Results: This analysis included 2451 participants; 515 (21.0%) discontinued study participation with a median time from last study drug dispensed to study end of 367days (IQR:272-499). PrEP naiveté (aHR1.67 95%CI: 1.11-2.48), age < 30 years (aHR1.65, 95%CI: 1.09-2.50), and reporting consistent condom use with casual partners (aHR1.52 95%CI: 1.01-2.30) at enrolment were associated with discontinuing study participation. Of these 515 participants, 130 (25.2%) accessed post-study testing at ACCESS sites; four participants (3.3%) were diagnosed with HIV during the observation period. Mean time between last study drug dispensed and HIV diagnosis was 338 days (range 140-466 days). STI positivity was similar between pre and post-study periods for chlamydia (8.5%, 8.3%, p=0.9), gonorrhoea (10.4%, 9.9%, p=0.9), and syphilis (0.5%, 1.3%, p=0.5).
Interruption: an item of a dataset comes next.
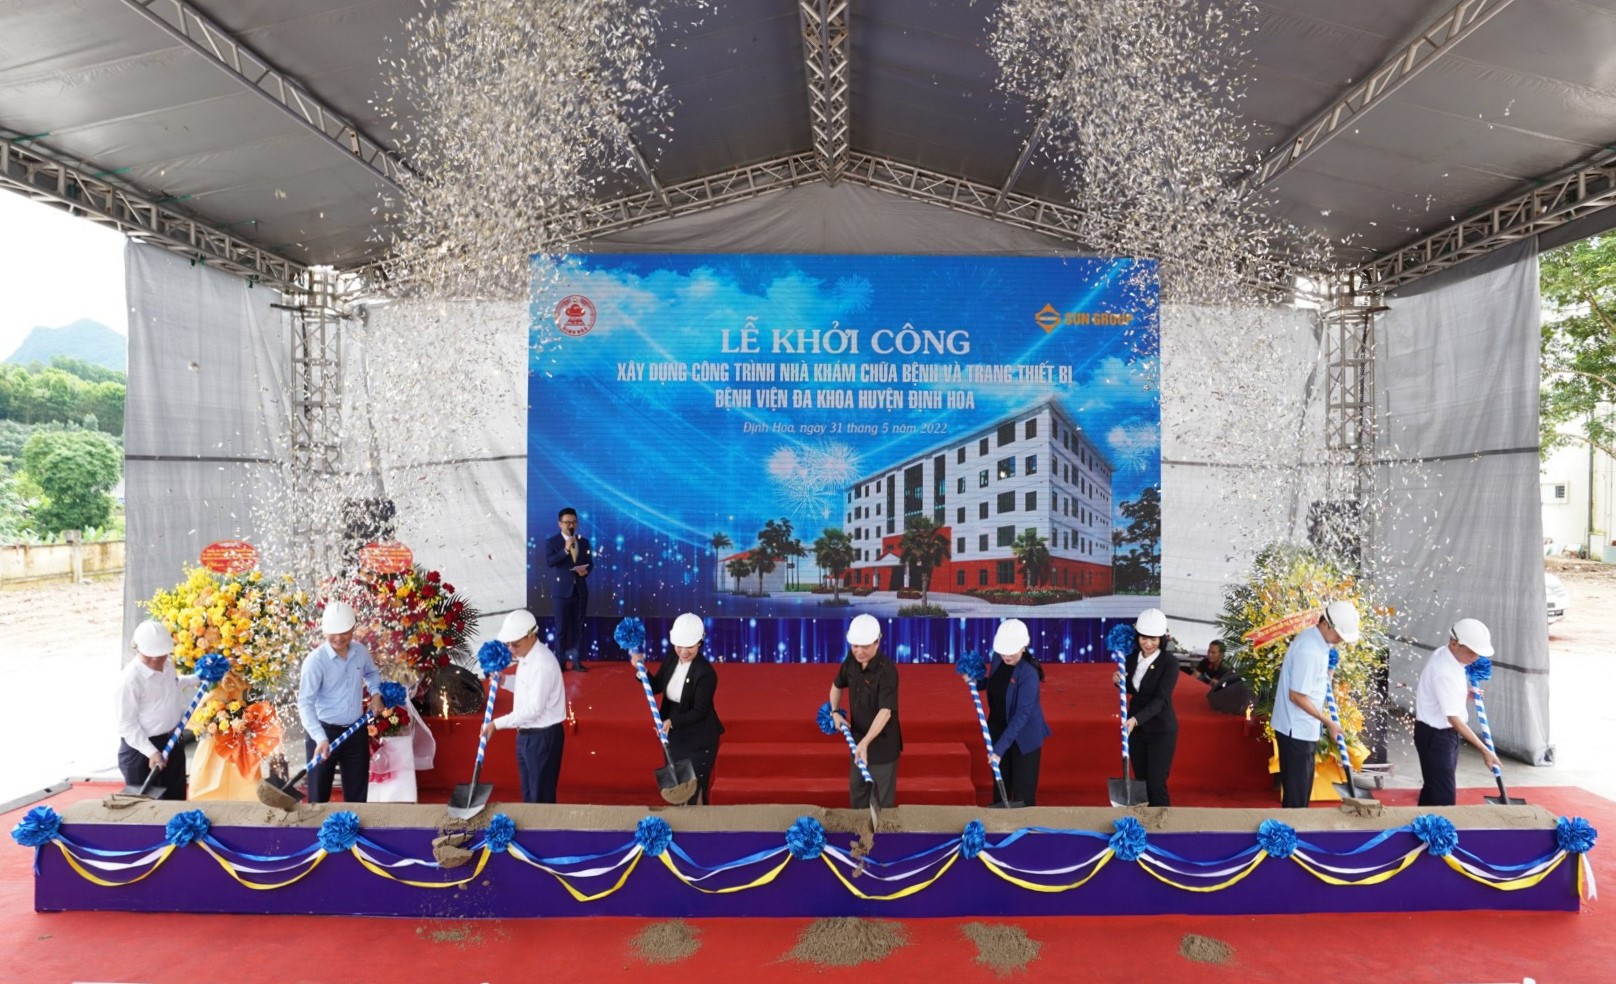 Nghi thức động thổ công trình Nhà khám chữa bệnh Bệnh viện Đa khoa huyện Định Hóa.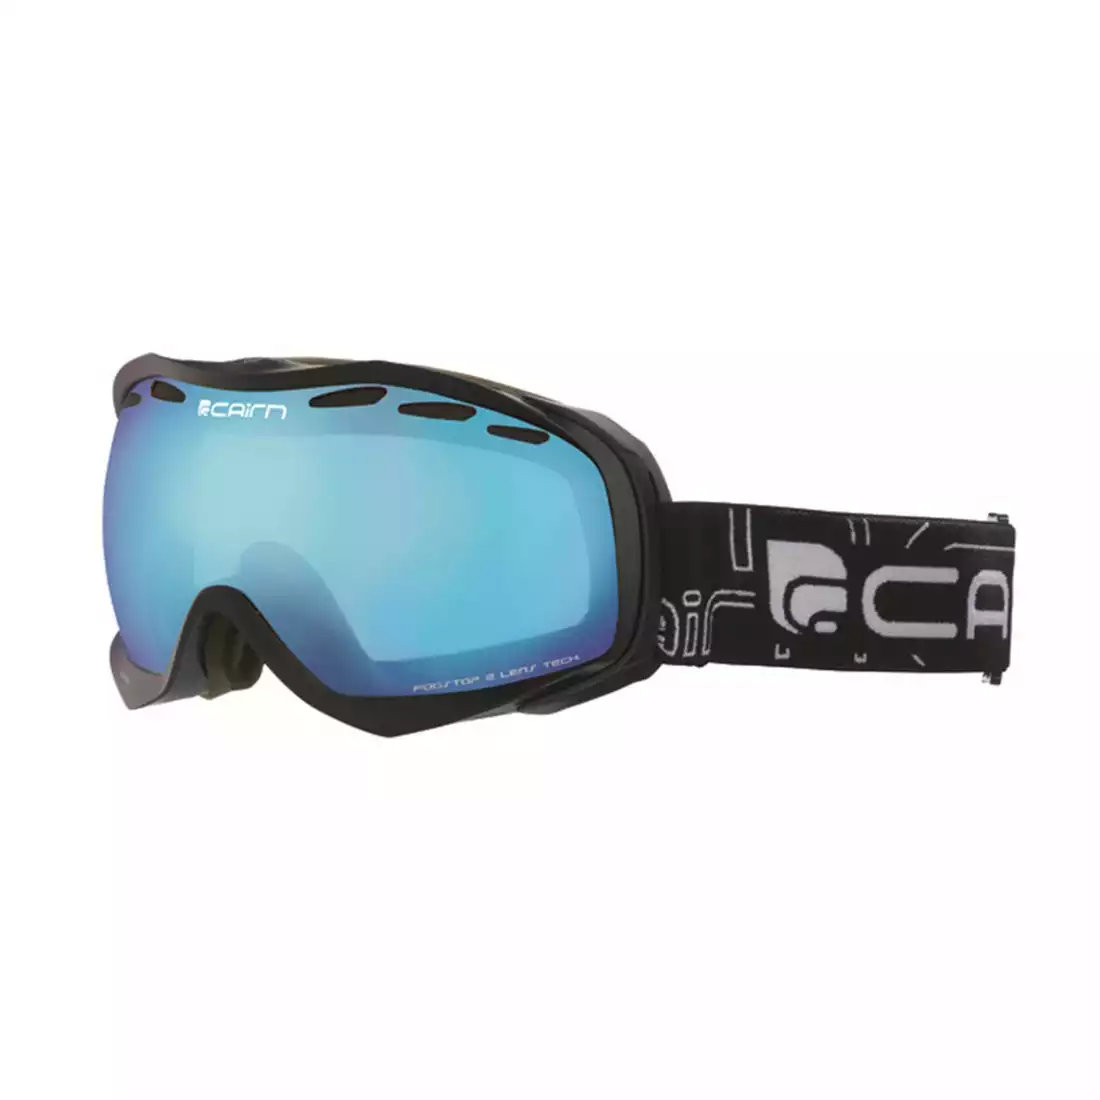 CAIRN gogle narciarskie/snowboardowe ALPHA SPX3000 8202, black/blue 5808518202

Conclusions: Approximately 20% of participants in this analysis discontinued study participation. Four HIV diagnoses and similar STI positivity between study and post-study periods suggest ongoing HIV and STI acquisition risk and unmet HIV prevention need. Greater understanding of barriers to PrEP retention and factors affecting accurate risk perception are needed to maximise the HIV prevention benefits of PrEP.